LSTM’s architecture is built to decide, at every time step, what information to keep, what to overwrite, and what to discard—using a three-part “gating” system that prevents long sequences from collapsing under vanishing gradients. Instead of treating the hidden state as the only memory, the design maintains a separate long-term memory (the cell state) and a short-term working memory (the hidden state), then forces controlled interaction between them.

The architecture looks more complex than a basic RNN because it carries two parallel states: the cell state (long-term memory) and the hidden state (short-term memory). At each time step, the model receives three key inputs: the current input at time t, the previous hidden state from time t−1, and the previous cell state from time t−1. The outputs include the current hidden state and an updated cell state. The cell state update happens in two stages: first, it updates the cell state by removing irrelevant information and adding new candidate information; second, it computes the new hidden state based on the filtered cell state.

The core mechanism is the gates concept—three sigmoid-based gates that regulate information flow element-by-element. The **forget gate** decides what portion of the previous cell state should be erased. It takes the previous hidden state and the current input, passes them through a neural layer with a sigmoid activation, and produces a vector of values between 0 and 1. A value near 0 means “remove this part,” while a value near 1 means “keep it.” This is described as a controlled “removal” step: the previous cell state is multiplied by the forget gate output, effectively zeroing out unneeded components.

Next comes the **input gate**, which determines what new information should be written into the cell state. It computes a set of candidate values (via a tanh-like transformation) from the current input and previous hidden state, then uses the input gate (sigmoid) to filter those candidates—allowing only the parts deemed useful to pass through. The updated cell state is then formed by combining the retained old information (after forget) with the filtered new candidate information (after input).

Finally, the **output gate** decides what part of the cell state becomes the hidden state that will be exposed to the next time step. The cell state is transformed (described as producing h_t from the cell state), and the output gate again acts as an element-wise filter using a sigmoid vector. This gating structure is presented as the reason LSTMs can preserve relevant information over long sequences: instead of relying on repeated transformations of a single hidden state (a weakness in vanilla RNNs), the cell state can carry forward useful signals while gates block irrelevant changes.

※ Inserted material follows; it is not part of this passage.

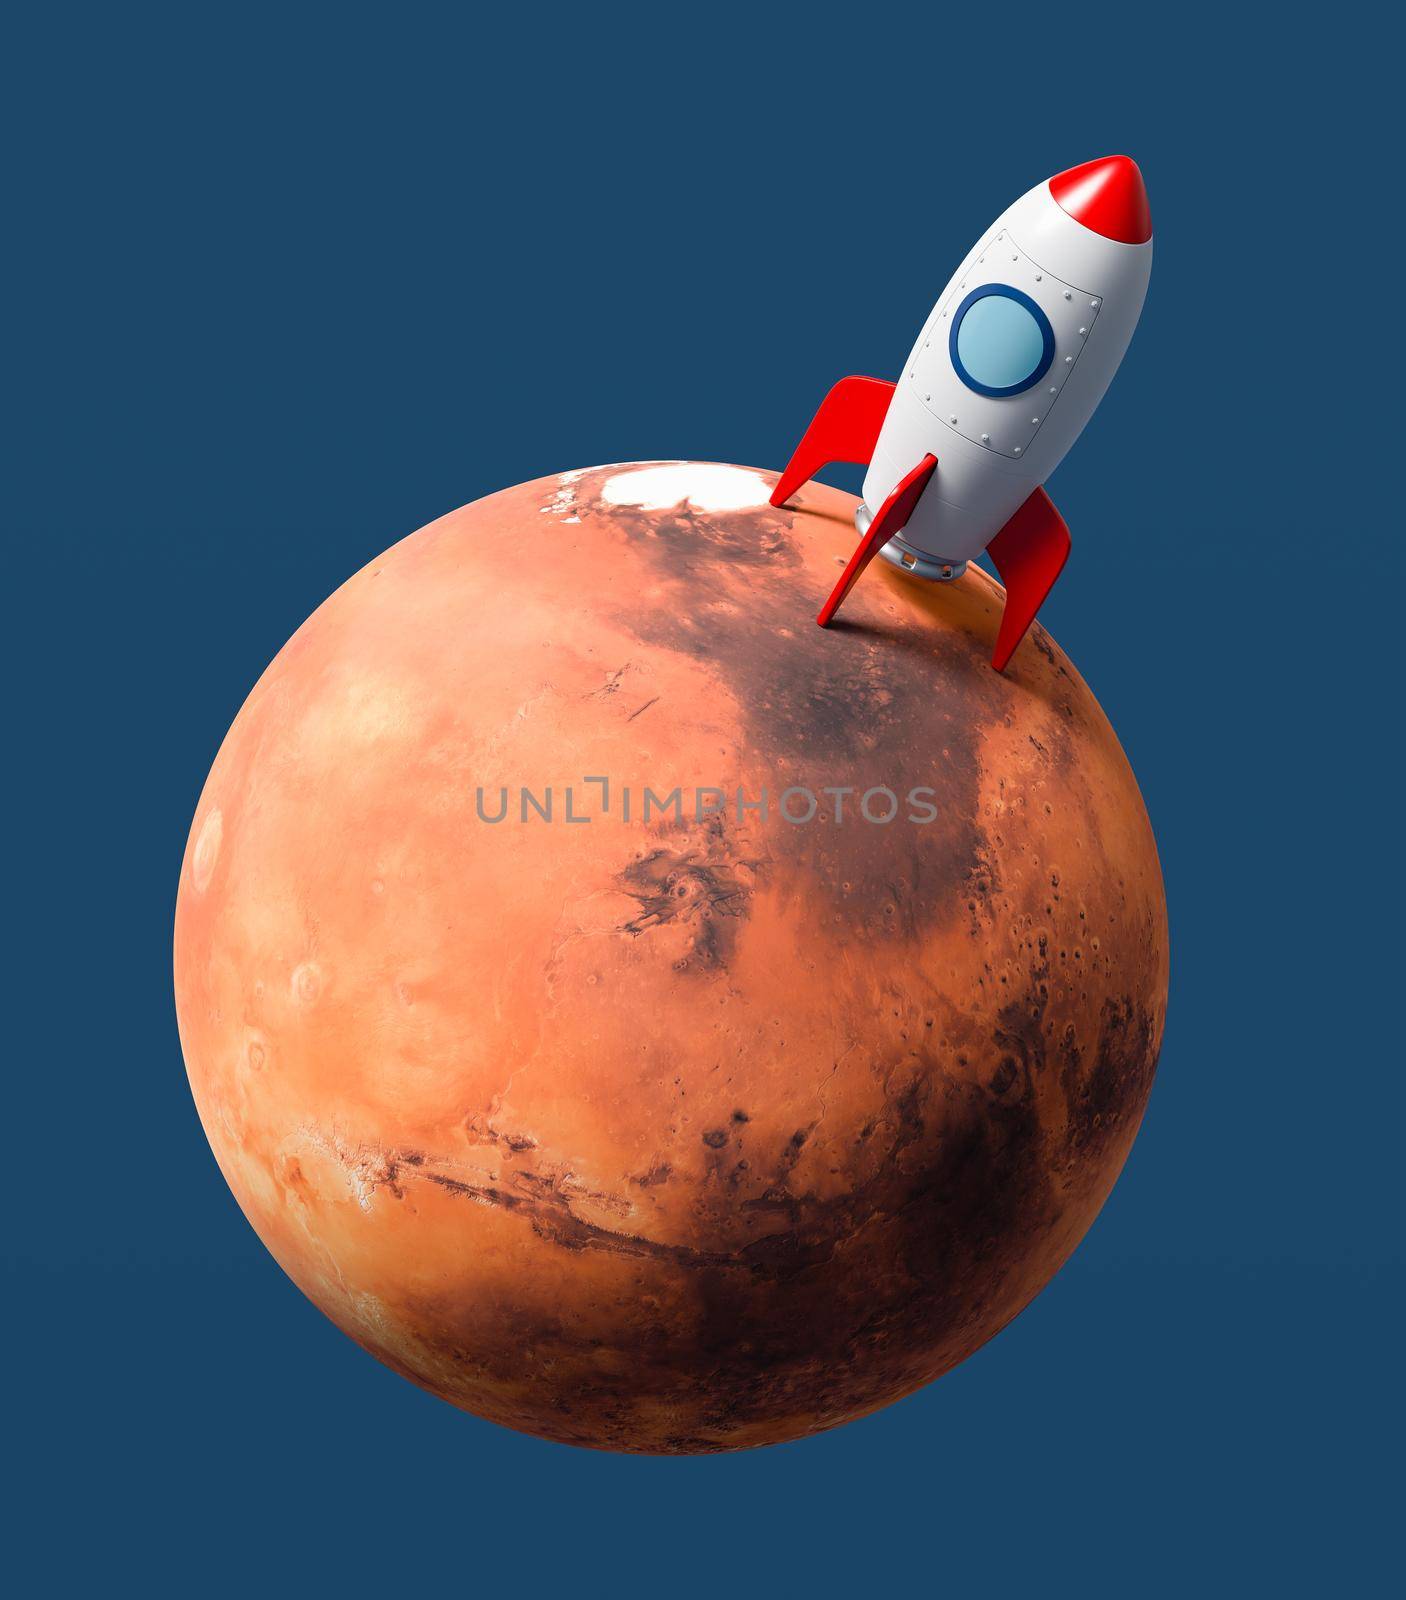 Red and White Cartoon Spaceship Landed on Mars Isolated on Flat Blue Background 3D Illustration, Space Exploration Concept. Texture from solarsystemscope.com

The transcript also grounds the math in a sentiment-analysis example, where words are converted into numeric vectors (e.g., one-hot style representations), then fed into the LSTM to predict whether sentiment is 0 or 1. The overall takeaway is that LSTM’s “keep/forget/write/read” logic—implemented through vectorized gates and element-wise operations—turns sequence modeling into a controlled memory management problem rather than an uncontrolled recurrence.